W/dalvikvm( 123): JNI WARNING: can't call Ljava/Type;;.method on instance of Lanother/java/Type;
W/dalvikvm( 123):              in Lmono/java/lang/RunnableImplementor;.n_run:()V (CallVoidMethodA)
...
E/dalvikvm( 123): VM aborting

Dynamic Code Support

Dynamic code does not compile

To use C# dynamic in your application or library, you have to add System.Core.dll, Microsoft.CSharp.dll and Mono.CSharp.dll to your project.

In Release build, MissingMethodException occurs for dynamic code at run time.

  • It is likely that your application project does not have references to System.Core.dll, Microsoft.CSharp.dll or Mono.CSharp.dll. Make sure those assemblies are referenced.

    • Keep in mind that dynamic code always costs.
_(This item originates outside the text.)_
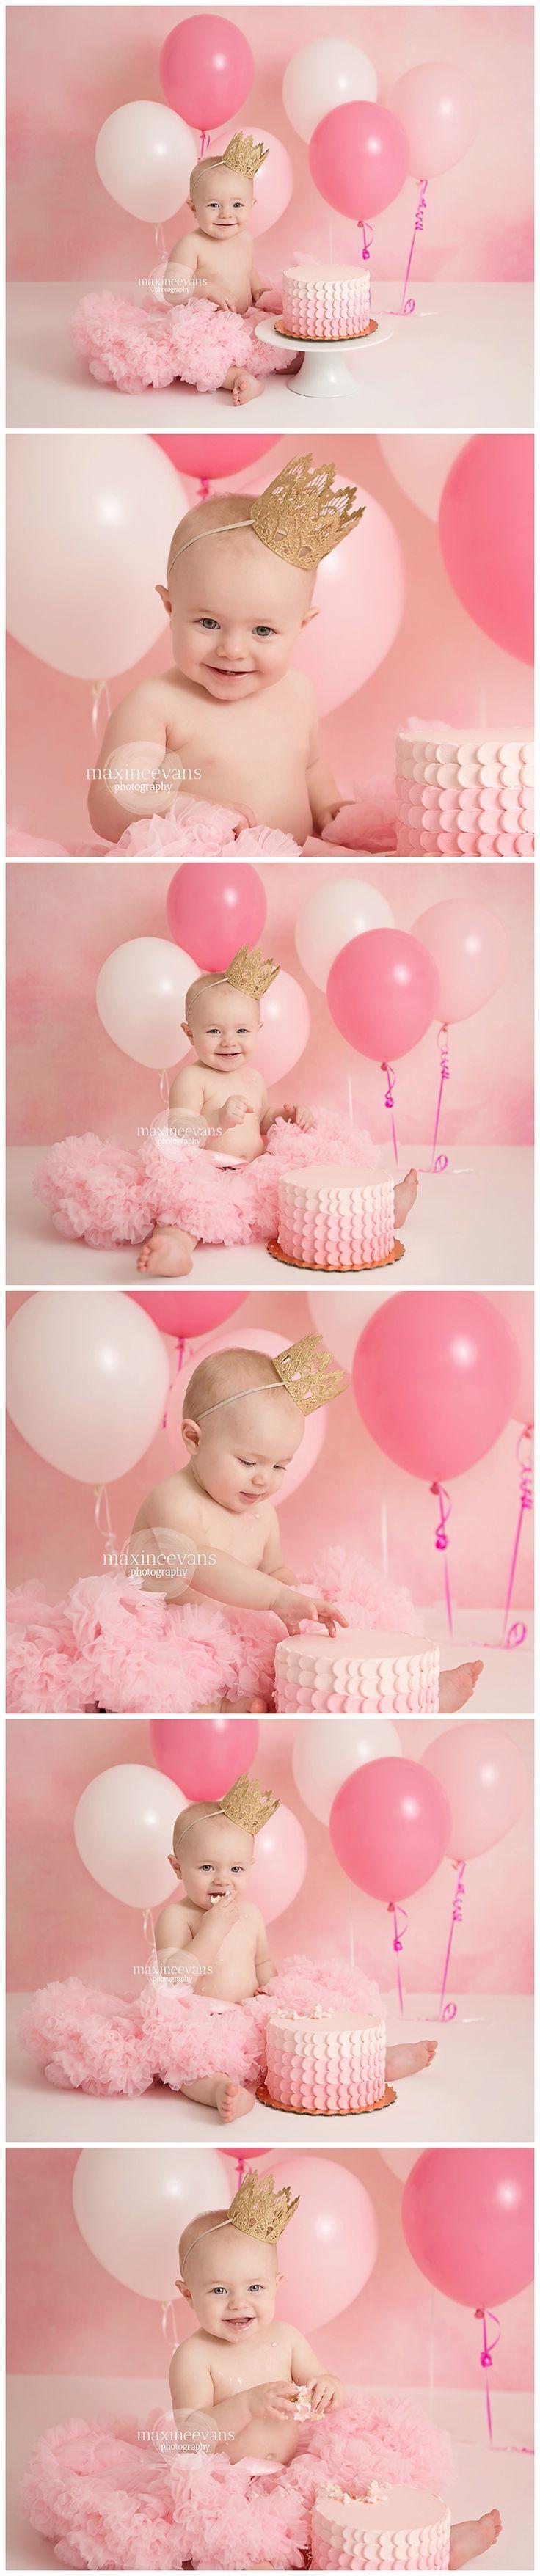 Baby photography santa monica harper in 2020 birthday

If you need efficient code, consider not using dynamic code.
  • In the first preview, those assemblies were excluded unless types in each assembly are explicitly used by the application code. See the following for a workaround: http://lists.ximian.com/pipermail/mo...il/009798.html

Projects built with AOT+LLVM crash on x86 devices

When deploying an app built with AOT+LLVM on x86-based devices, you may see an exception error message similar to the following:

Assertion: should not be reached at /Users/.../external/mono/mono/mini/tramp-x86.c:124
Fatal signal 6 (SIGABRT), code -6 in tid 4051 (Xamarin.bug56111)

This is a known issue – the workaround is to disable LLVM.